Cotton Bowl, T 7–7 vs. Texas
- Conference: Independent
- Record: 9–1–1
- Head coach: Frank Tritico (1st season);
- Home stadium: Grater Field, Alamo Stadium

= 1943 Randolph Field Ramblers football team =

American college football season

The 1943 Randolph Field Ramblers football team represented the United States Army Air Forces' Randolph Field during the 1943 college football season.
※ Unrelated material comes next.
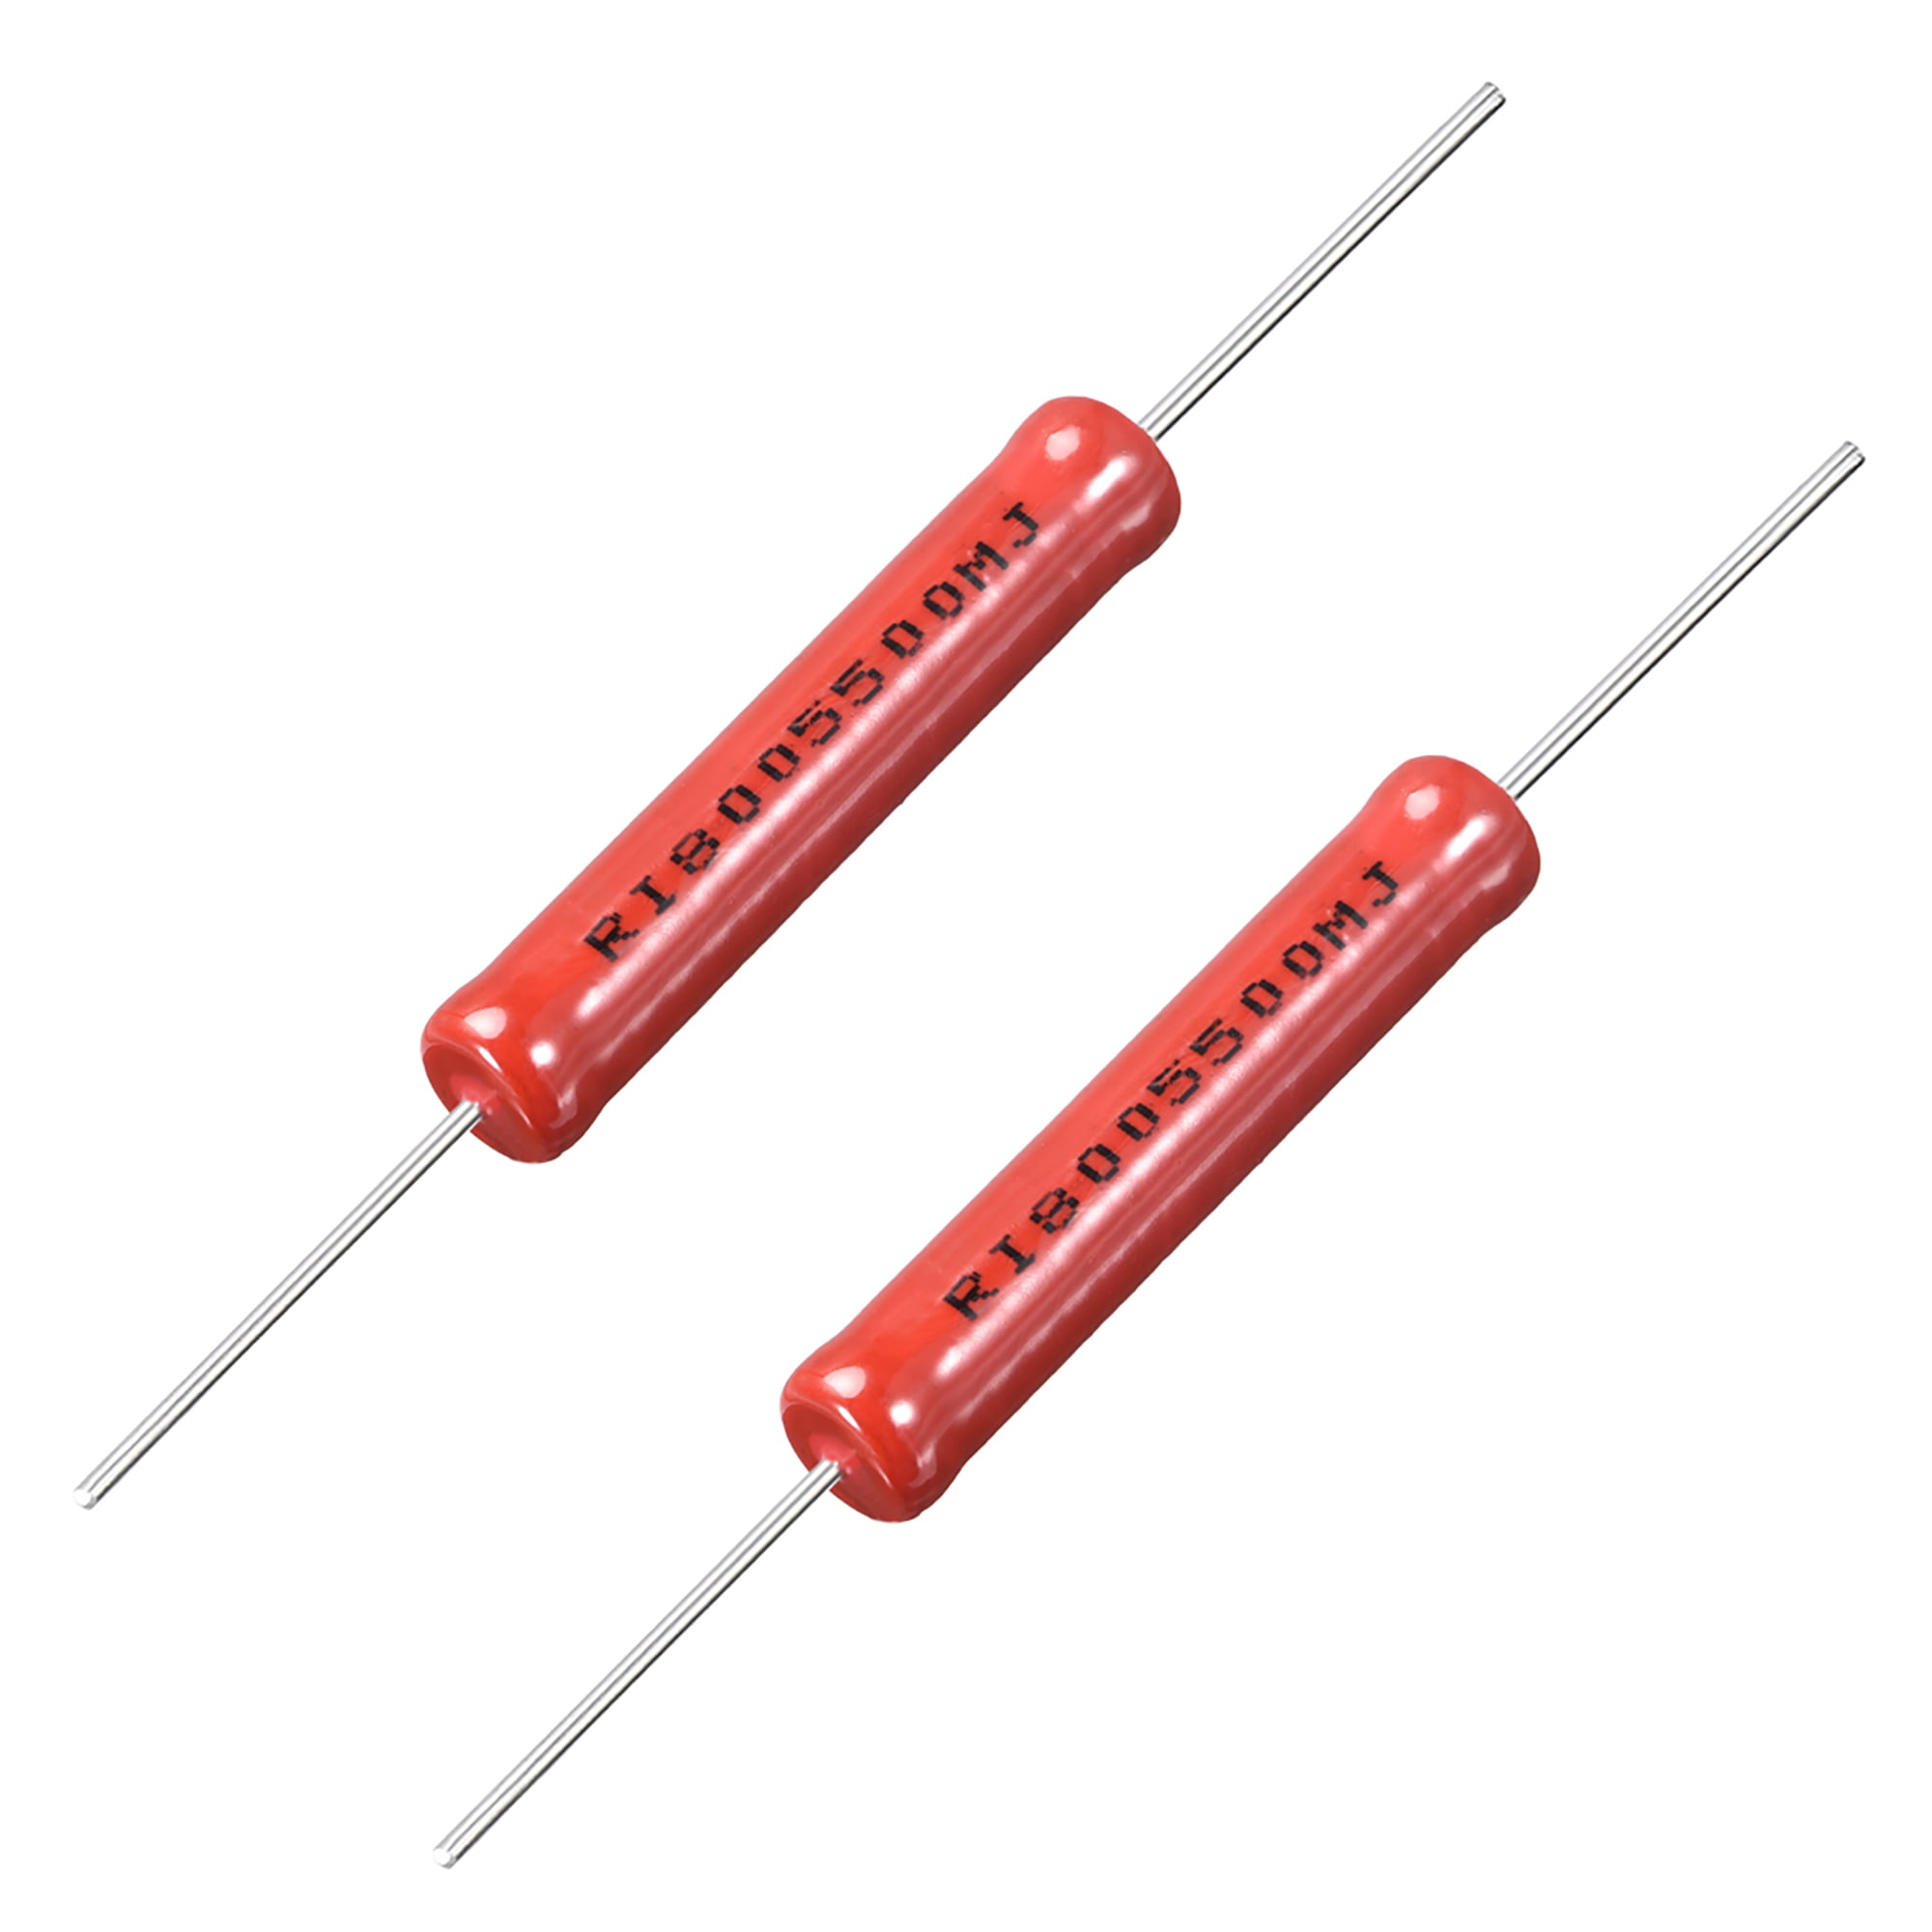 Resistor Power Rating and the Power of Resistors

Randolph Field was located about 15 miles east-northeast of San Antonio, Texas. The team compiled a 9–1–1 record and played Texas to a 7–7 tie in the 1944 Cotton Bowl Classic on January 1, 1944.

Frank Tritico, who coached Lake Charles, Louisiana, high school teams to two state championships, was the team's head coach. His assistant coaches were Butch Morse, Leland Killian, and Walter Parker.

Glenn Dobbs was the star of the Randolph Field offense in 1943. Dobbs was the only Randolph player named to the Associated Press 1943 Service All-America team. He also played at Tulsa and was later inducted into the College Football Hall of Fame.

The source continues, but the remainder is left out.